:: DATA IN THIS EXERCISE ::
========================================================================
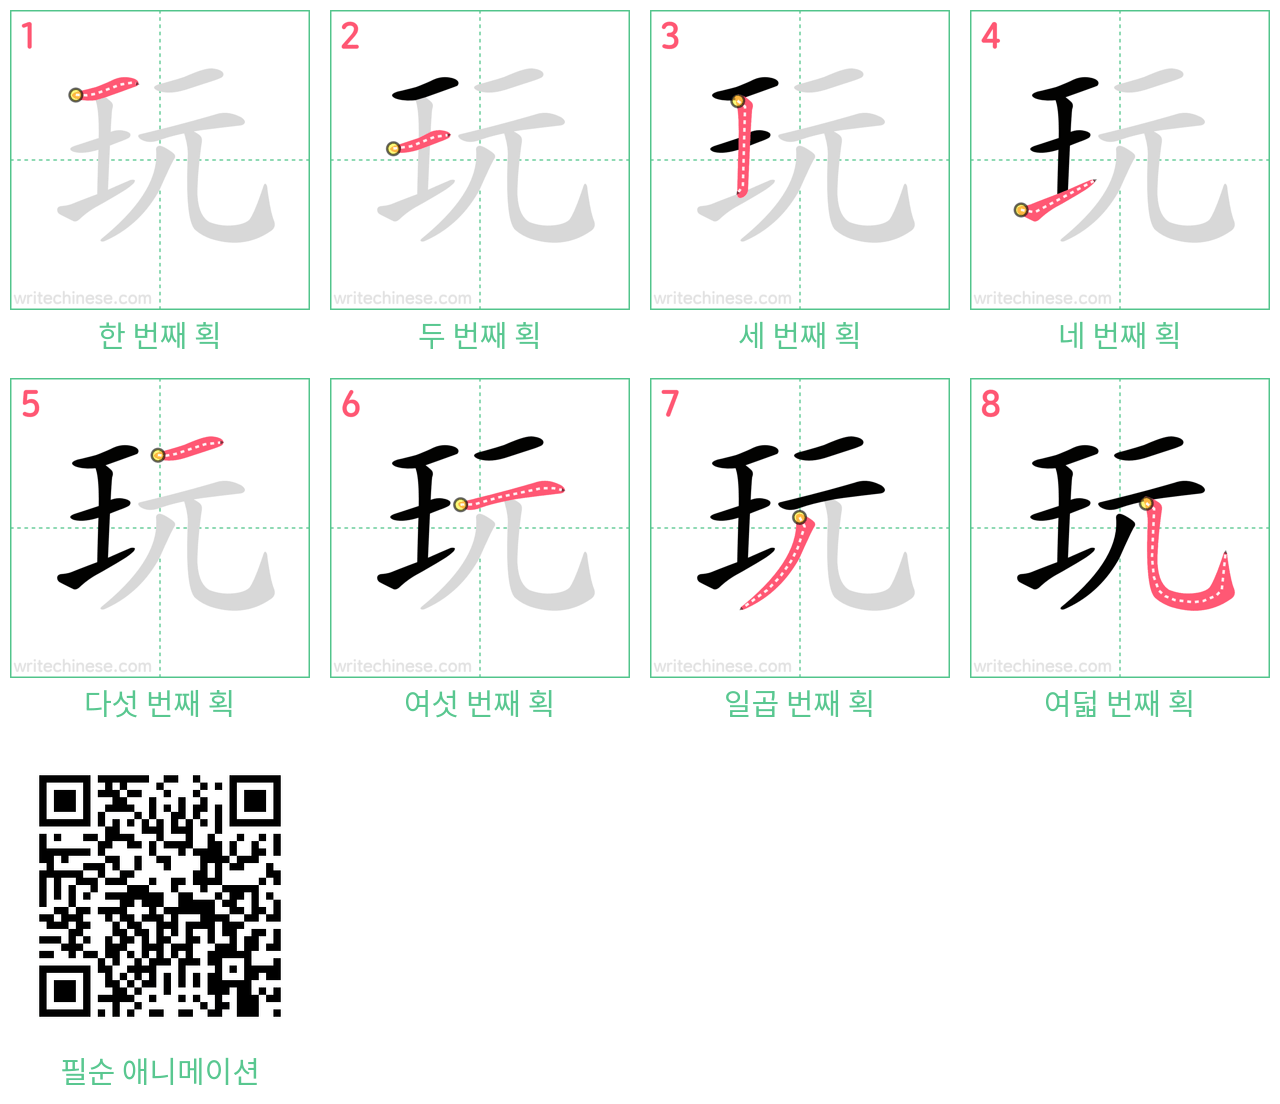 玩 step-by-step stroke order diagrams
========================================================================
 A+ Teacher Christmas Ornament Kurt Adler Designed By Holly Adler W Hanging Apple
========================================================================
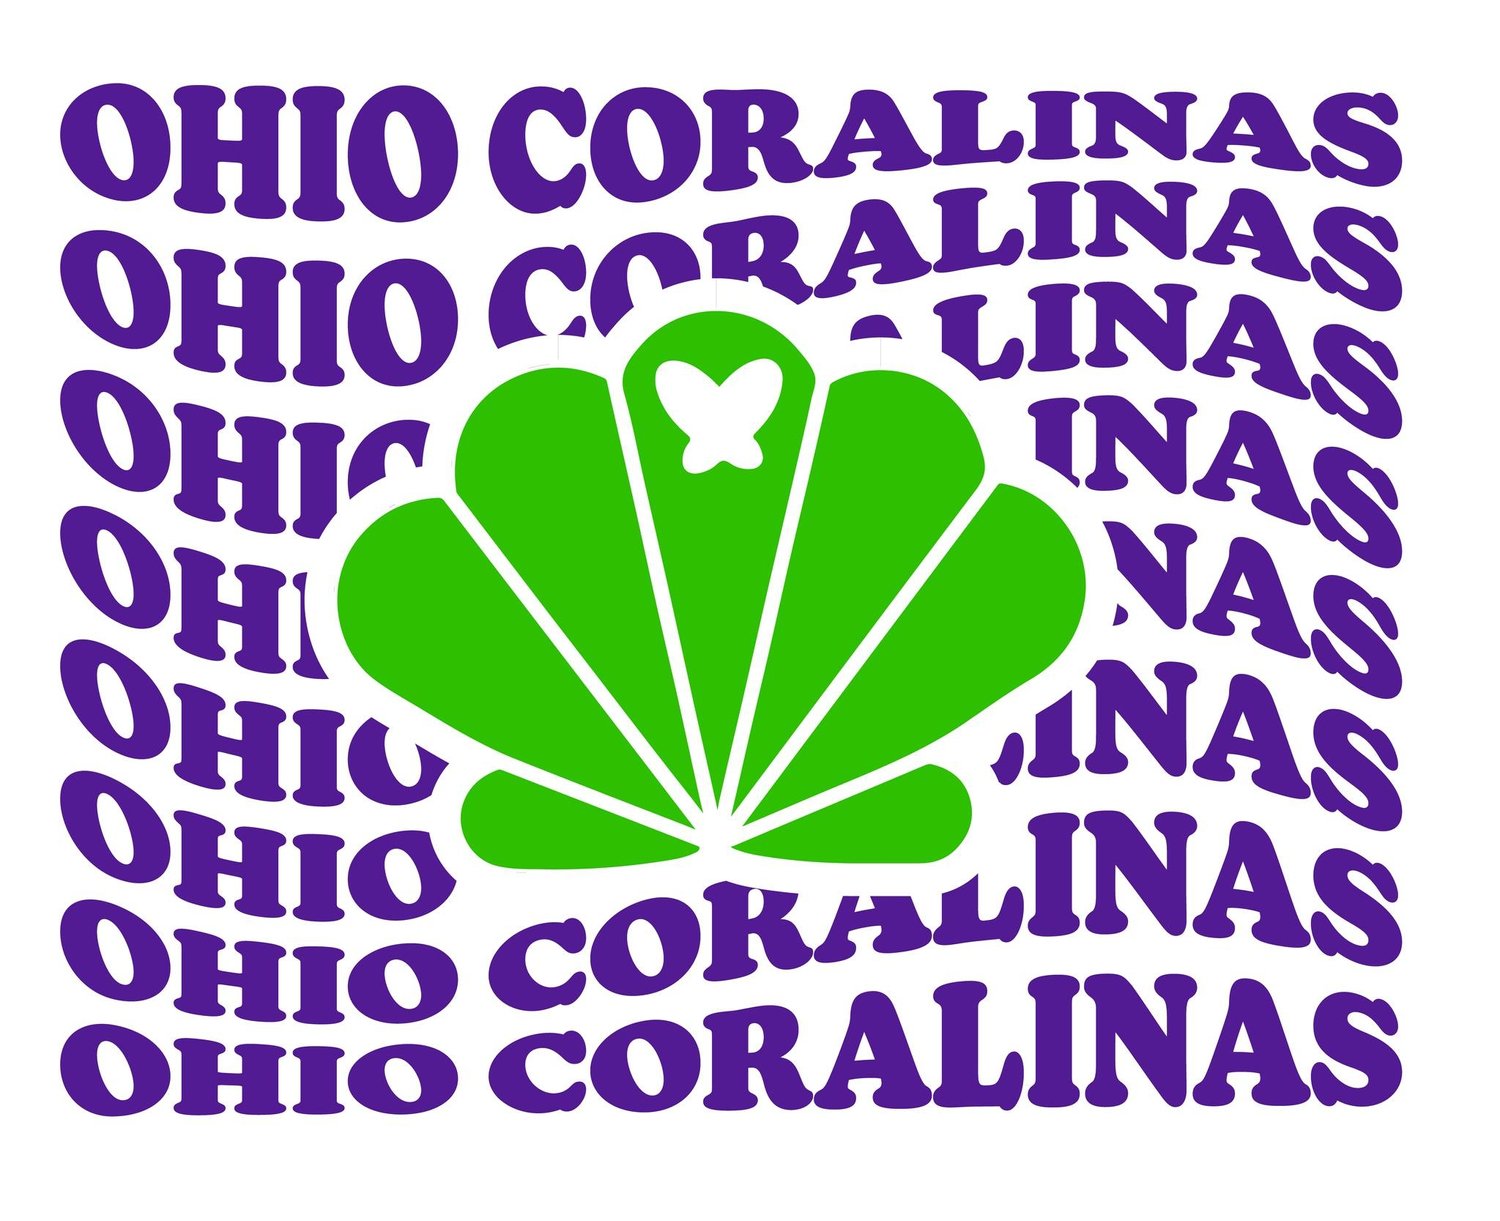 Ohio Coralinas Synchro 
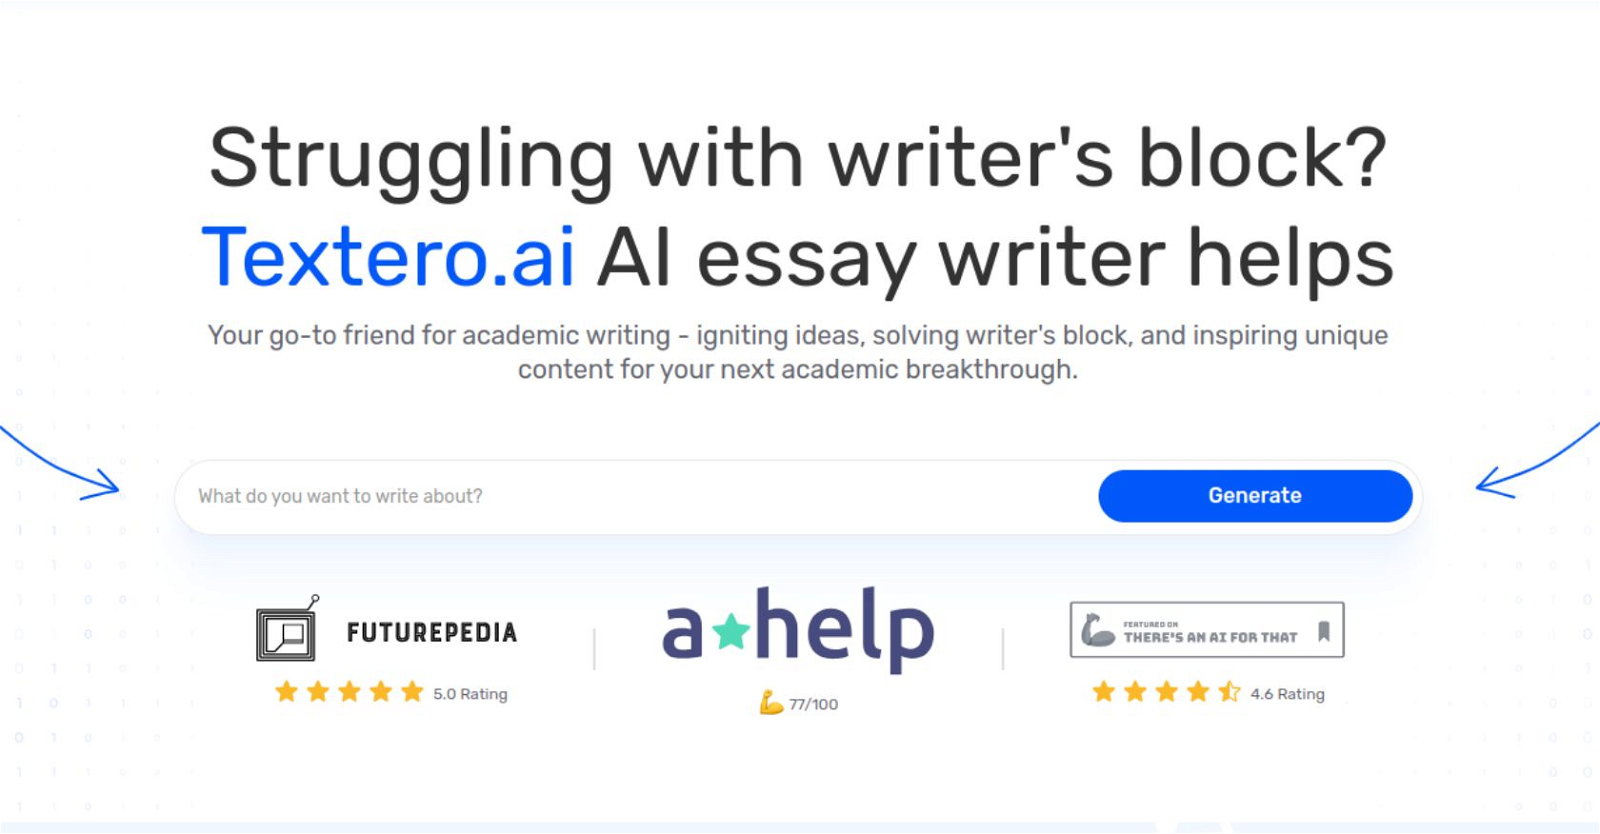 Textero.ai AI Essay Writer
========================================================================
:: DESCRIPTION OF THE TASK ::
Taking the material above, give again exactly the lines from the one holding "Ohio Coralinas Synchro" through the one holding "Textero.ai AI Essay Writer", with both ends and without pictures.

:: SOLUTION TO THE EXERCISE ::
 Ohio Coralinas Synchro 
 Textero.ai AI Essay Writer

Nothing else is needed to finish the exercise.